I’m sitting here at the computer not doing what I’m supposed to be doing, but then… exactly what am I supposed to be doing? Packing. Yes, I should be packing. Books into tubs to take, kitchen glasses, plates, etc. Those are my tasks. I need to get to them. Yet, I blog, I surf, I go into the ol’ flickr account and organize photos. I’m avoiding the packing. Five weeks to go. Five weeks on Thursday. Not many weekends left until the big Uhaul leaves the town of Scappoose and heads east toward our new home in Urbana, IL.
I’m excited for the future… for the change, the adventure, the new life moments created with our grandson and the kids, the pups, and each other. I’m very excited about all of that. I’m excited about living in and decorating a new house, about planting new flowers, about riding our bikes and walking around a new town. I’m excited for the friends we will make and the times we will have.
It’s just that I don’t want to pack… not right now. Not right now I don’t. It’s raining outside and dreary on this not so sunny Oregon summer day.

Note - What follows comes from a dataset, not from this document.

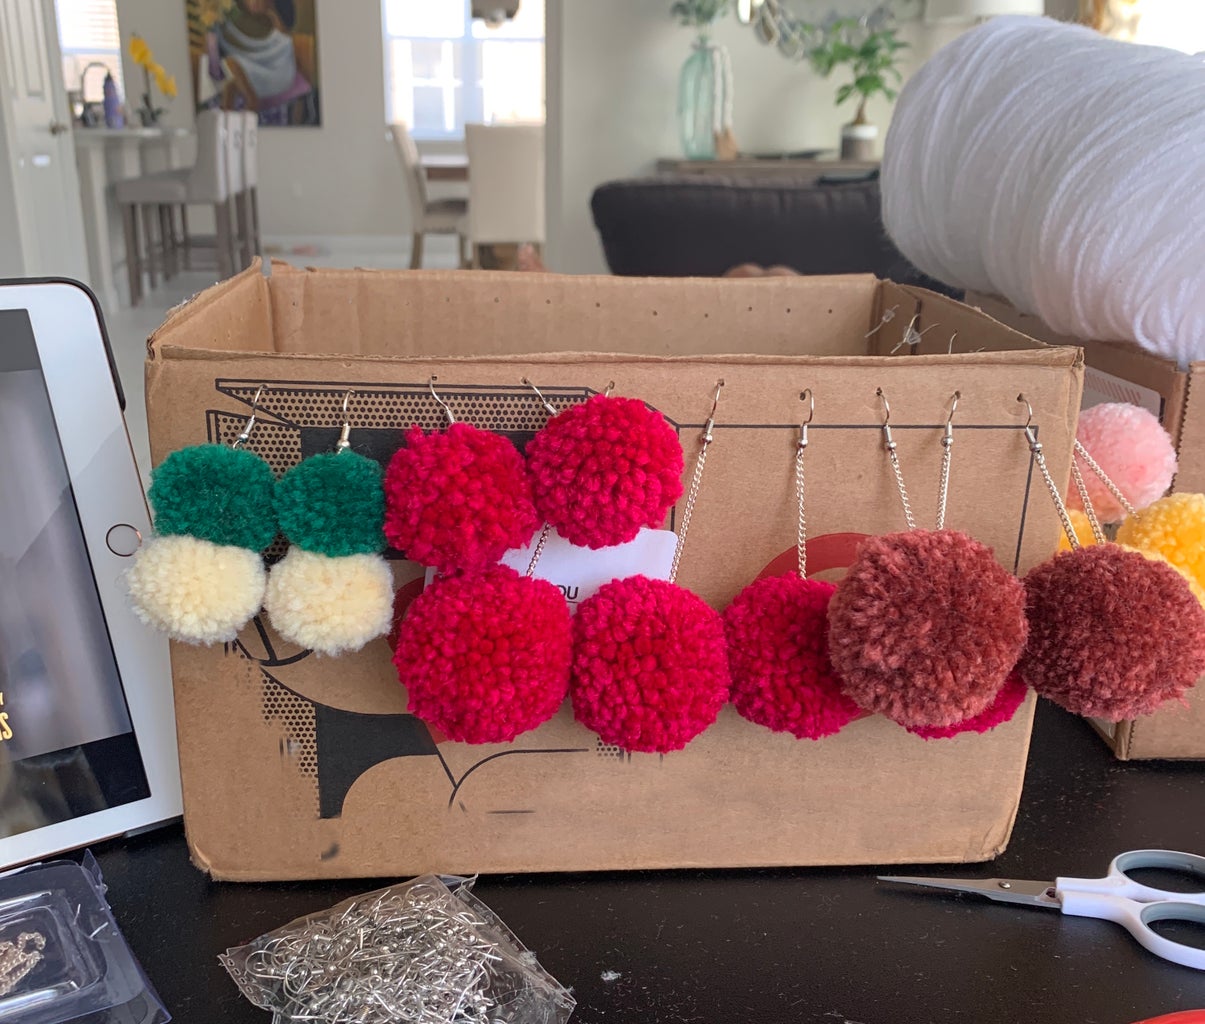 Variety of Pom-pom earrings dangling from a cardboard box

The dogs are asleep on their beds here in the office. My honey is working away… hard and with purpose. In command of her job and what she does so well. I’m listening to her type and talk on the phone and be in charge. It’s impressive. Weston snores occasionally and the little girlie changes positions every now and then. They look up at us hopefully every so often thinking maybe if I look at you and then at my ball and then at you again I will get you to play with me. Will you? I say to them… later babies. I promise. And we will.